Спустя три часа она стояла на летном поле, рядом с Джосовым. Неподалеку разогревал моторы самолет, на котором им предстояло улететь в Москву. Джосов держал ее за руку, и она слышала, как он рассказывает о каком-то происшествии последней ночи, чуть не сорвавшем поездку. Она молчала, разглядывая темную махину самолета с едва освещенными иллюминаторами. Она чувствовала, как похолодели от утреннего мороза ее щеки и молила, сама не зная кого, чтобы он вразумил ее, дав понять, в чем состоит ее долг.
Самолет взревел моторами и подкатил прямо к ним. В полдень они с Женей будут уже в Москве, разве можно отступить, после всего, что он для нее сделал, после поздравлений и напутствий девушек. Отчаяние вызвало у нее приступ тошноты, во рту стало горько.
Она почувствовала, как Джосов сжал ее руку.
– Идем!
Ветра всех воздушных океанов бушевали вокруг ее сердца. Он тянет ее в черную глубину неба, она погибнет, она уже никогда не вернется на землю.
– Идем!
Нет! Нет! Это невозможно. Ее ноги словно прилипли к земле. Из открытой двери самолета высунулся летчик и несколько раз приглашающе махнул рукой.
– Идем же!
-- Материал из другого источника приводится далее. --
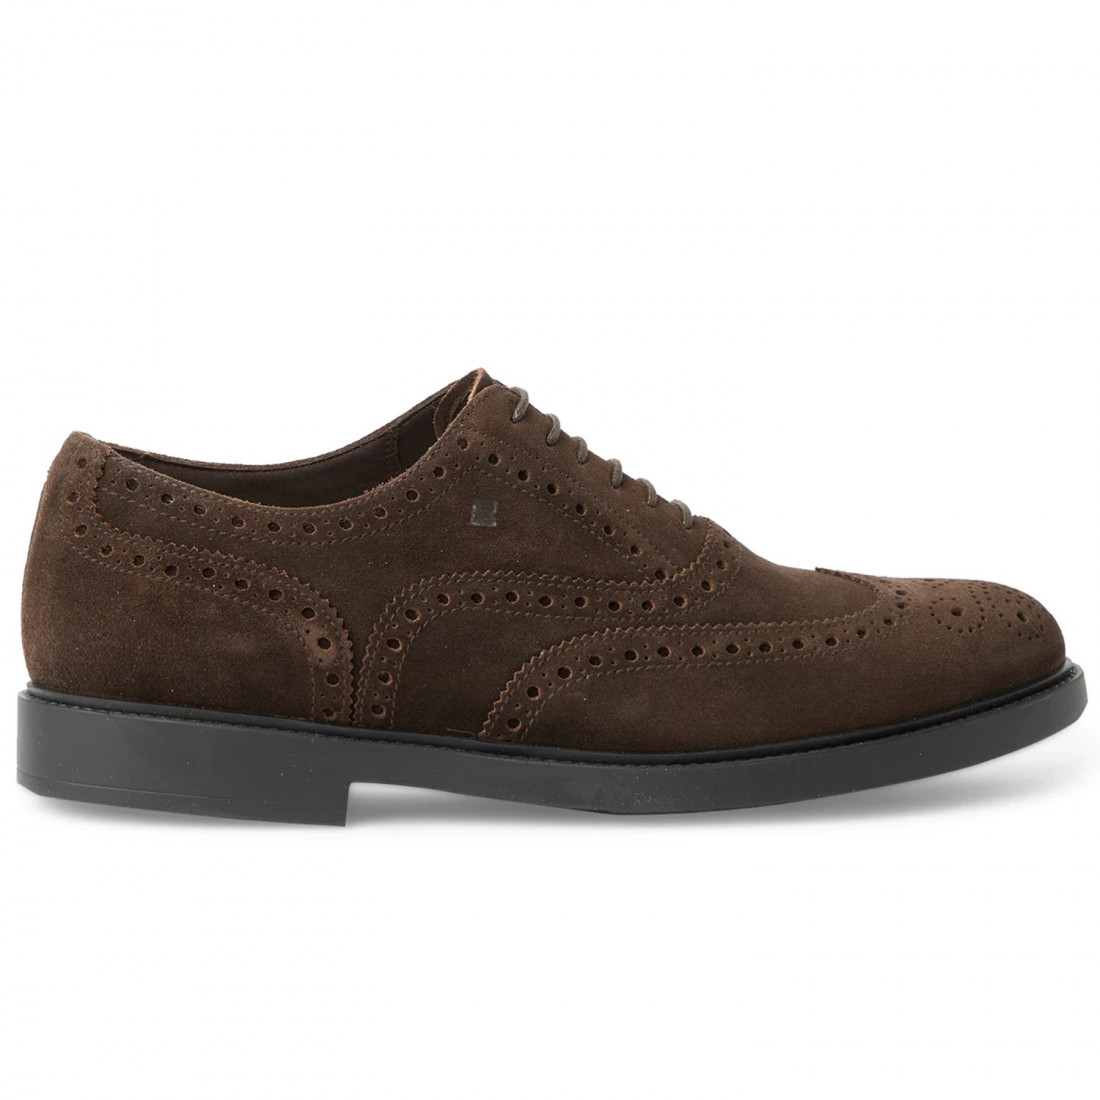 Fratelli Rossetti oxford brogue shoe in dark brown suede
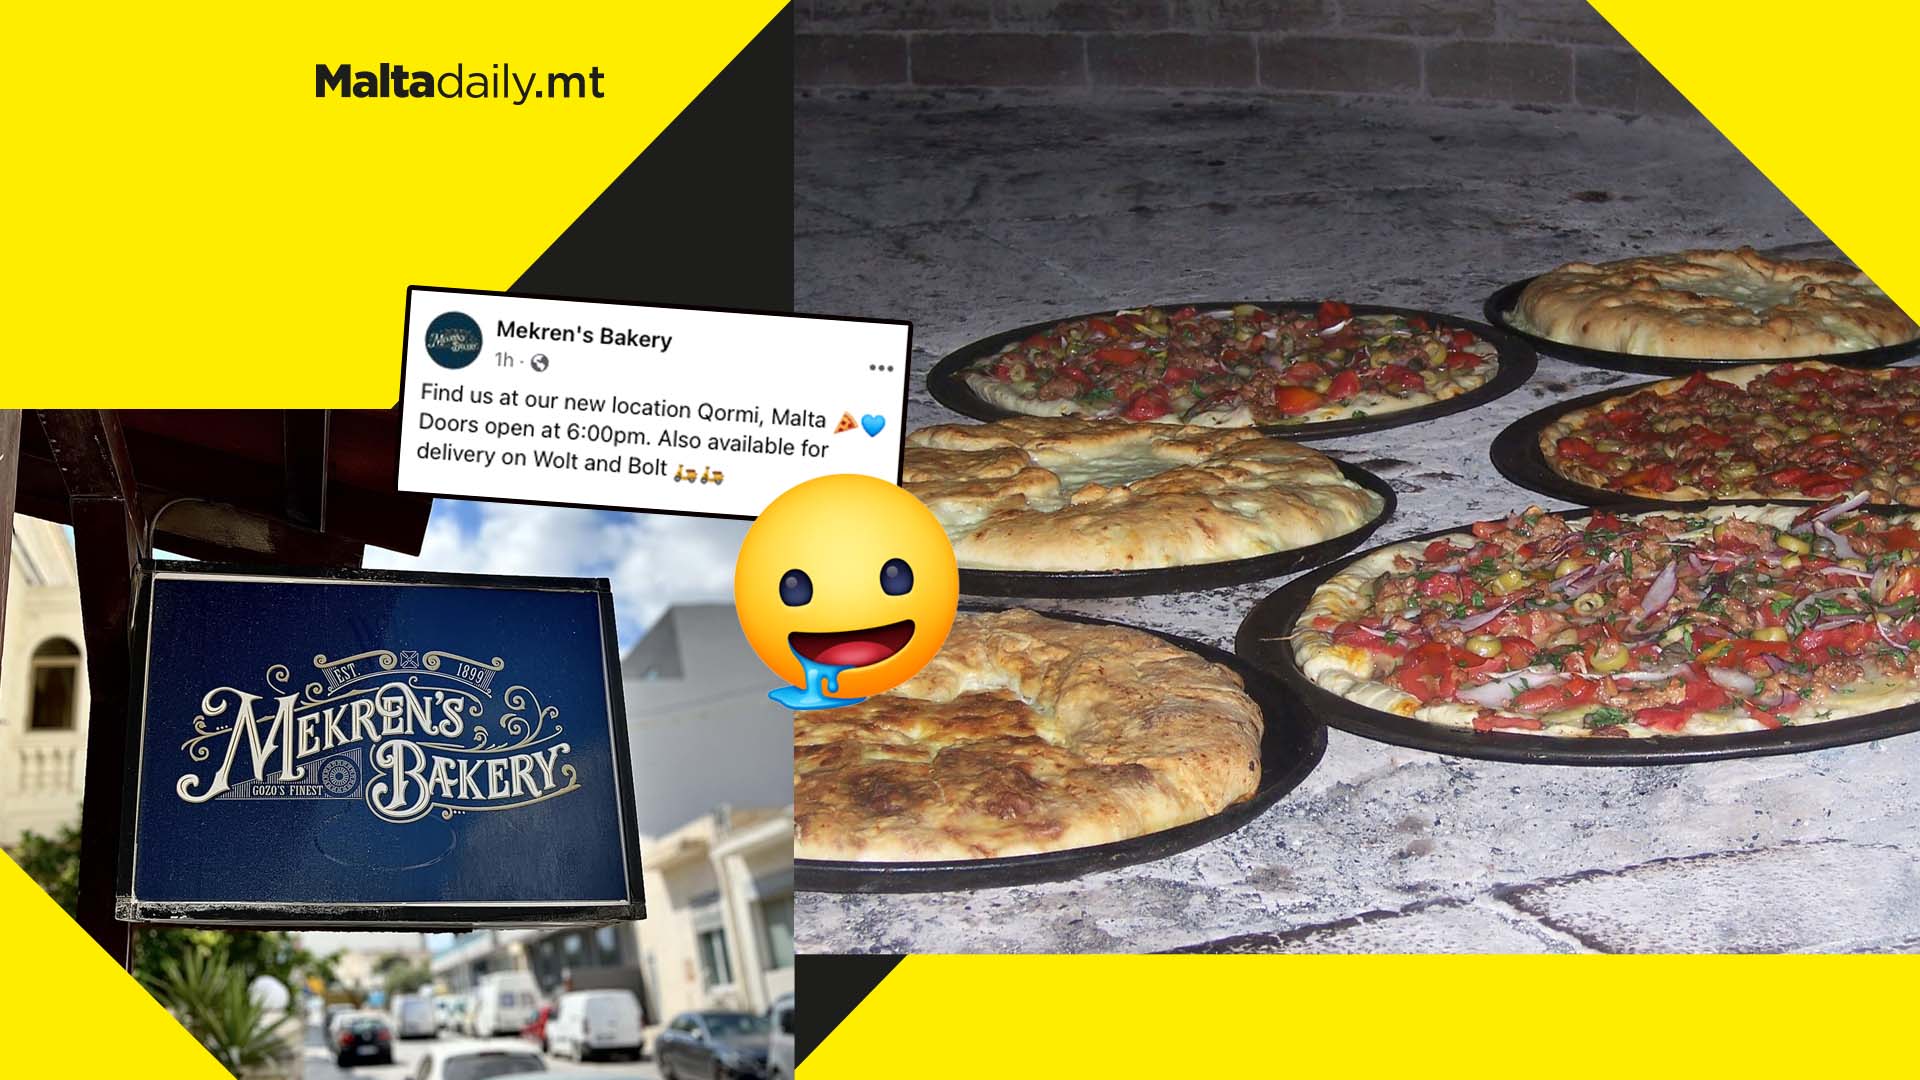 Beloved Mekren’s Bakery brings its baked goods to Malta!

Больше нельзя ждать.
Немыслимо, невозможно.
– Макс! Макс Додсон! – прозвучал в ее ушах голос младшего лейтенанта. – Семьдесят шесть двадцать!
В пучину, поглощавшую ее, она бросила свой крик отчаяния и мольбы.
– Девяносто два десять! Девяносто два десять!
Джосов тянул ее за руку и звал за собой, но она не слышала, опустив голову. Перед ее глазами стоял утренний розовый снег на неведомом полустанке под Харьковом.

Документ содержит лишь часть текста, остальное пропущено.